2020-06-30 Thread Yedidyah Bar David
On Tue, Jun 30, 2020 at 9:37 AM Michal Skrivanek
 wrote:
>
>
>
> > On 30 Jun 2020, at 08:30, Yedidyah Bar David  wrote:
> >
> > Hi all,
> >
> > I am trying to verify fixes for ovirt-engine-rename, specifically for
> > OVN. Engine top patch is [1], OST patch [2]. Ran the manual job on
> > these [3].
> >
> > In previous patches, OST failed in earlier tests. Now, it passed these
> > tests, so I hope that my patches are enough for what I am trying to
> > do. However, [3] did fail later, during test_hotplug_cpu - it set the
> > number of CPUs, then tried to connect to the VM, and timed out.
> >
> > The logs imply that right after it changed the number of CPUs, the VM
> > was rebooted, apparently by libvirtd. Relevant log snippets:
> >
> > vdsm [4]:
> >
> > 2020-06-29 10:21:10,889-0400 DEBUG (jsonrpc/1) [virt.vm]
> > (vmId='7474280d-4501-4355-9425-63898757682b') Setting number of cpus
> > to : 2 (vm:3089)
> > 2020-06-29 10:21:10,952-0400 INFO  (jsonrpc/1) [api.virt] FINISH
> > setNumberOfCpus return={'status': {'code': 0, 'message': 'Done'},
> > 'vmList': {}} from=:::192.168.201.4,54576, flow_id=7f9503ed,
> > vmId=7474280d-4501-4355-9425-63898757682b (api:54)
> > 2020-06-29 10:21:11,111-0400 DEBUG (periodic/0)
> > [virt.sampling.VMBulkstatsMonitor] sampled timestamp 2925.602824355
> > elapsed 0.160 acquired True domains all (sampling:451)
> > 2020-06-29 10:21:11,430-0400 DEBUG (jsonrpc/1) [jsonrpc.JsonRpcServer]
> > Return 'VM.setNumberOfCpus' in bridge with {} (__init__:356)
> > 2020-06-29 10:21:11,432-0400 INFO  (jsonrpc/1) [jsonrpc.JsonRpcServer]
> > RPC call VM.setNumberOfCpus succeeded in 0.56 seconds (__init__:312)
> > 2020-06-29 10:21:12,228-0400 INFO  (libvirt/events) [virt.vm]
> > (vmId='7474280d-4501-4355-9425-63898757682b') reboot event (vm:1033)
> >
> > qemu [5]:
> >
> > 2020-06-29T14:21:12.260303Z qemu-kvm: terminating on signal 15 from
> > pid 42224 ()
> > 2020-06-29 14:21:12.462+: shutting down, reason=destroyed
> >
> > libvirtd [6] itself does not log anything relevant AFAICT, but at
> > least it shows that the above unknown process is itself:
> >
> > 2020-06-29 14:18:16.212+: 42224: error : qemuMonitorIO:620 :
> > internal error: End of file from qemu monitor
> >
> > (Note that above line is from 3 minutes before the reboot, and the
> > only place in the log with '42224'. No other log there has 42224,
> > other than these and audit.log).
> >
> > Any idea?
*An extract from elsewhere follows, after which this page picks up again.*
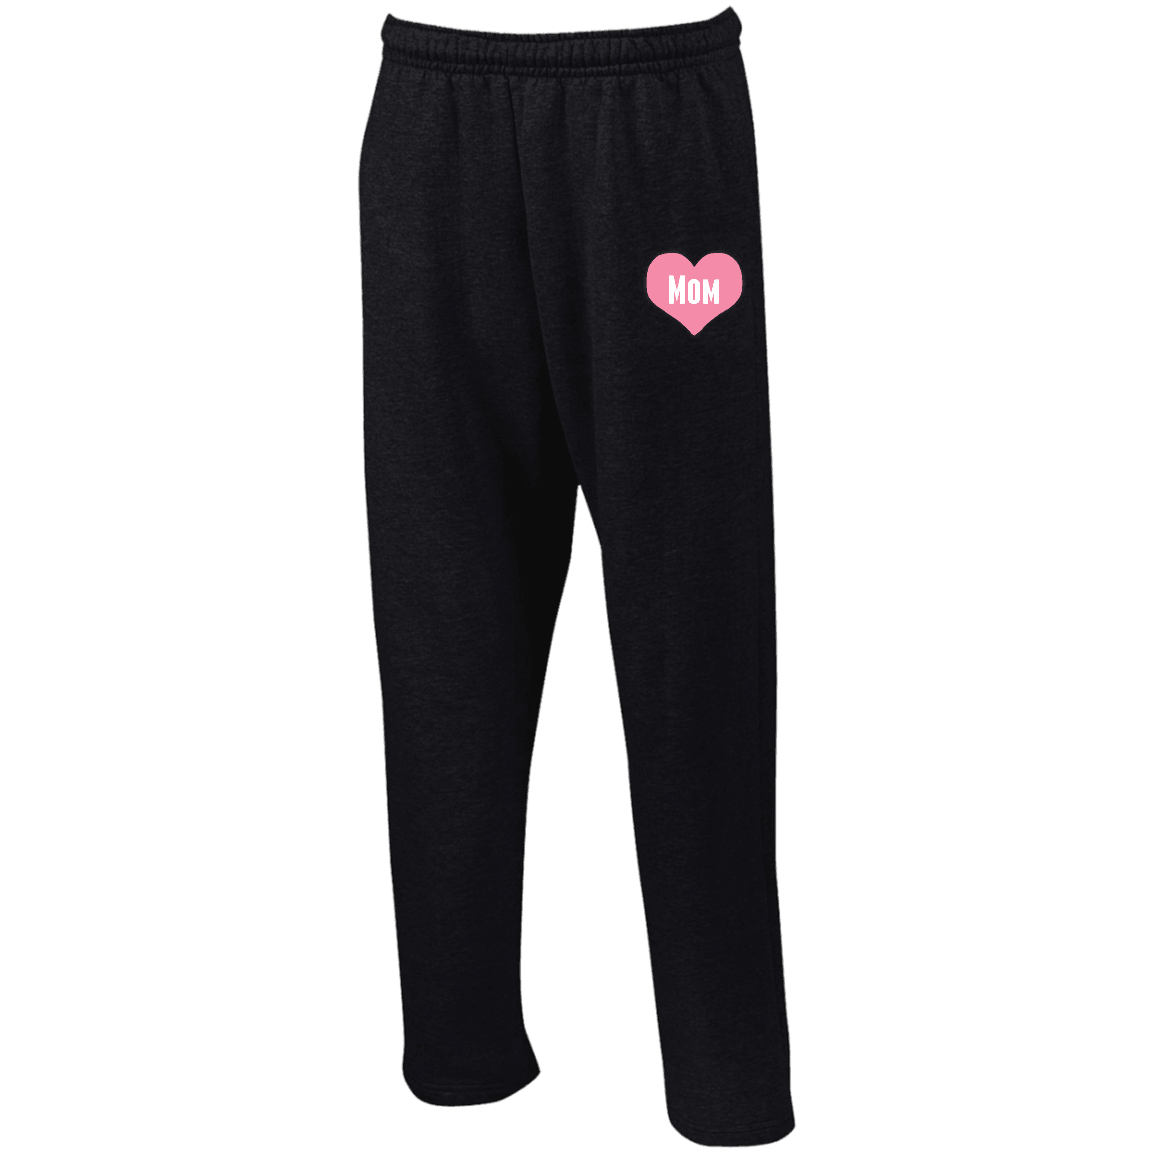 Designs by MyUtopia Shout Out:Mom Heart Pink Embroidered Open Bottom Sweatpants with Pockets,Black / S,Pants

Is this a bug in libvirt? vdsm? I'd at least expect
> > something in the log for such a severe step.
>
> I’d suggest to rerun.

ok

> I don’t trust the CI env at all. Could be any reason.

If the qemu process would have simply died, I'd agree it's likely to
be an infra issue.
But if libvirt indeed killed it, I'd say it's either a bug there, or
some weird flow (which requires more logging, at least).

> It’s highly unlikely to be caused by your patch, and I can see on my infra 
> that OST is running well on both CentOS and Stream.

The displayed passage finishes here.